Brief ▸
Give again, word for word, each line below starting at the one that contains "Ruth Bader Ginsburg: I" and ending at the one that contains "Infographic of key".

Extracted data ▸
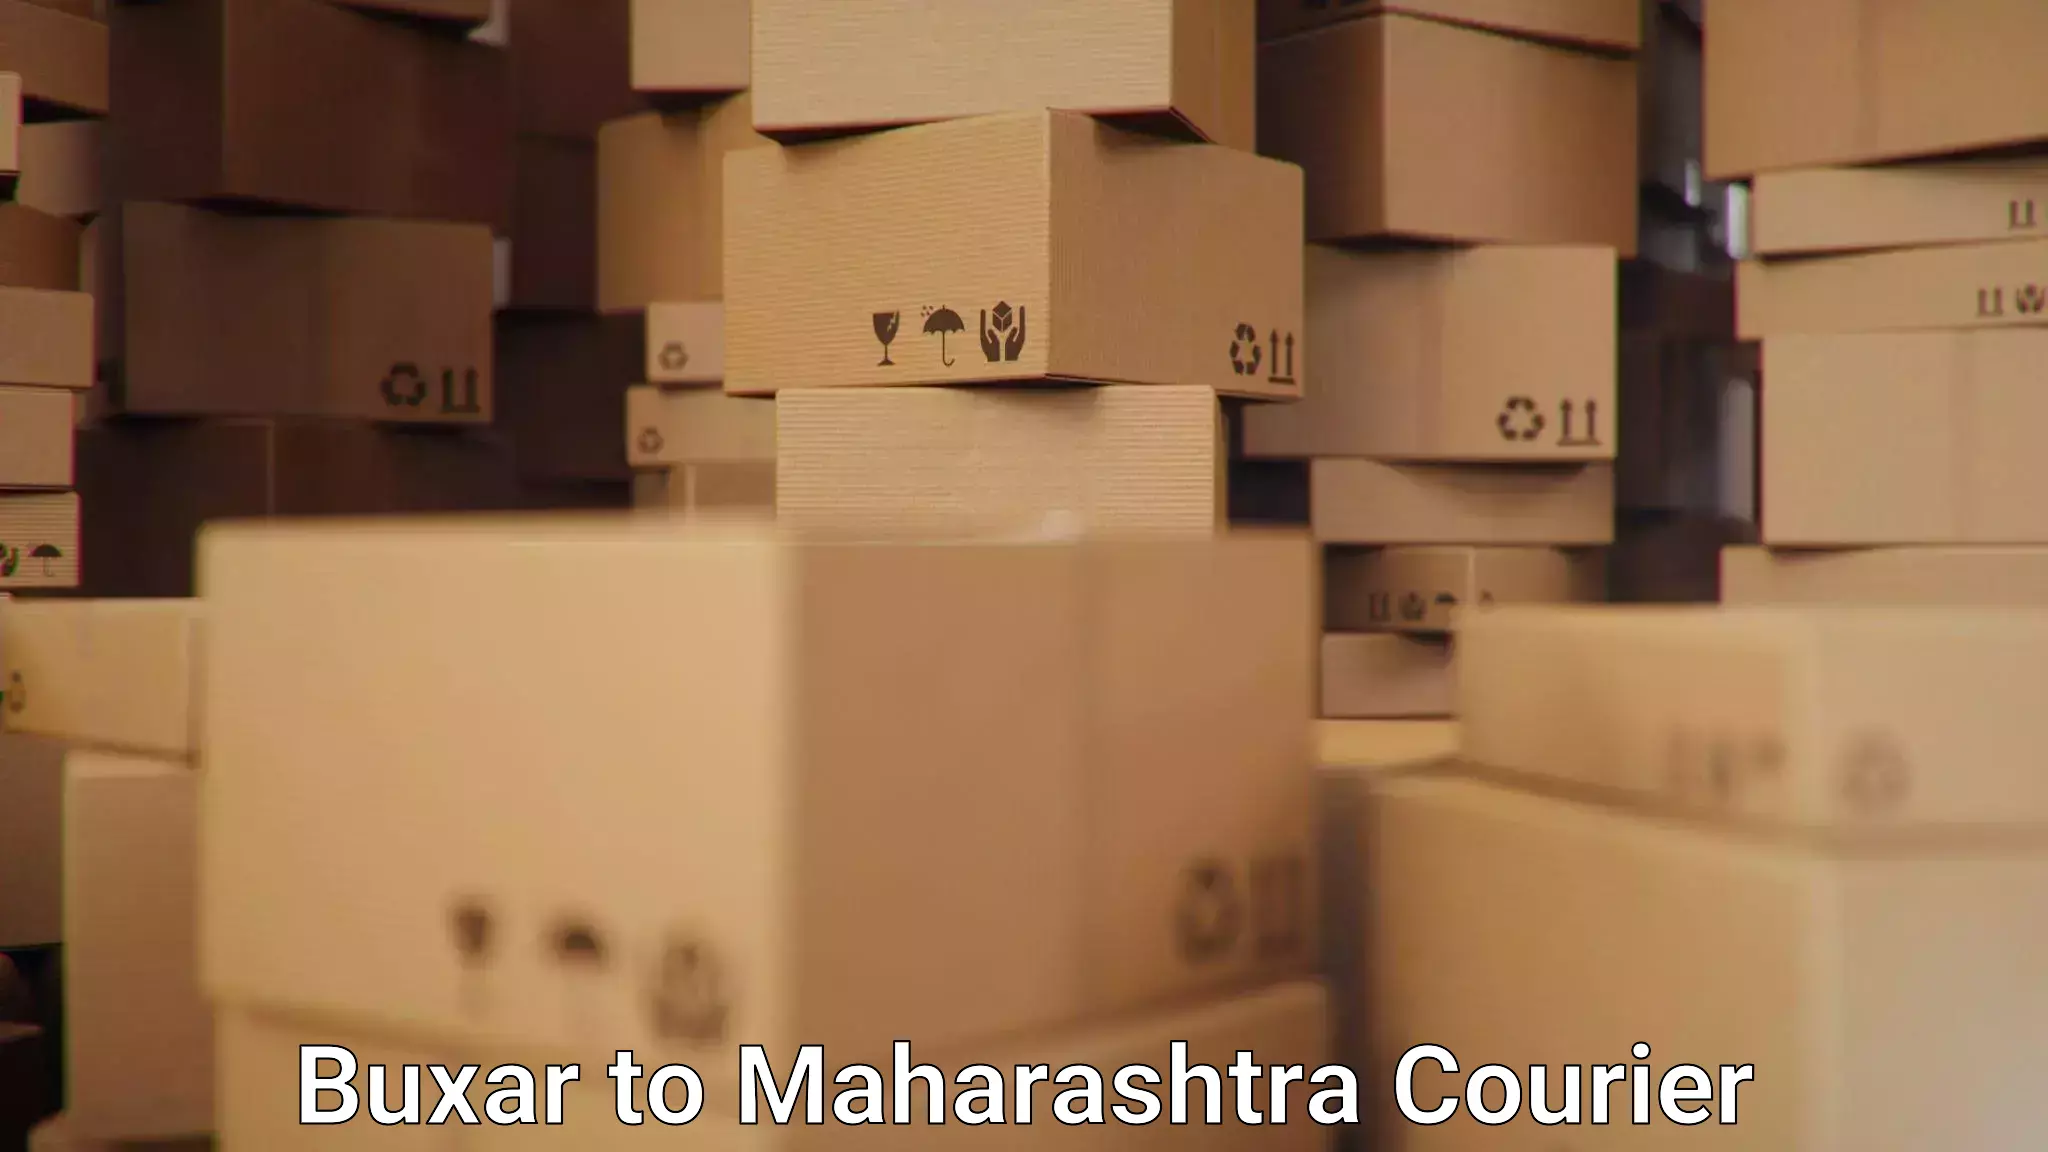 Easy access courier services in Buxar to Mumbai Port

* * *

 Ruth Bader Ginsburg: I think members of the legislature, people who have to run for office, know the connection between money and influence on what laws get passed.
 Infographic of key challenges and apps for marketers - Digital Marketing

Exercise response ▸
 Ruth Bader Ginsburg: I think members of the legislature, people who have to run for office, know the connection between money and influence on what laws get passed.
 Infographic of key challenges and apps for marketers - Digital Marketing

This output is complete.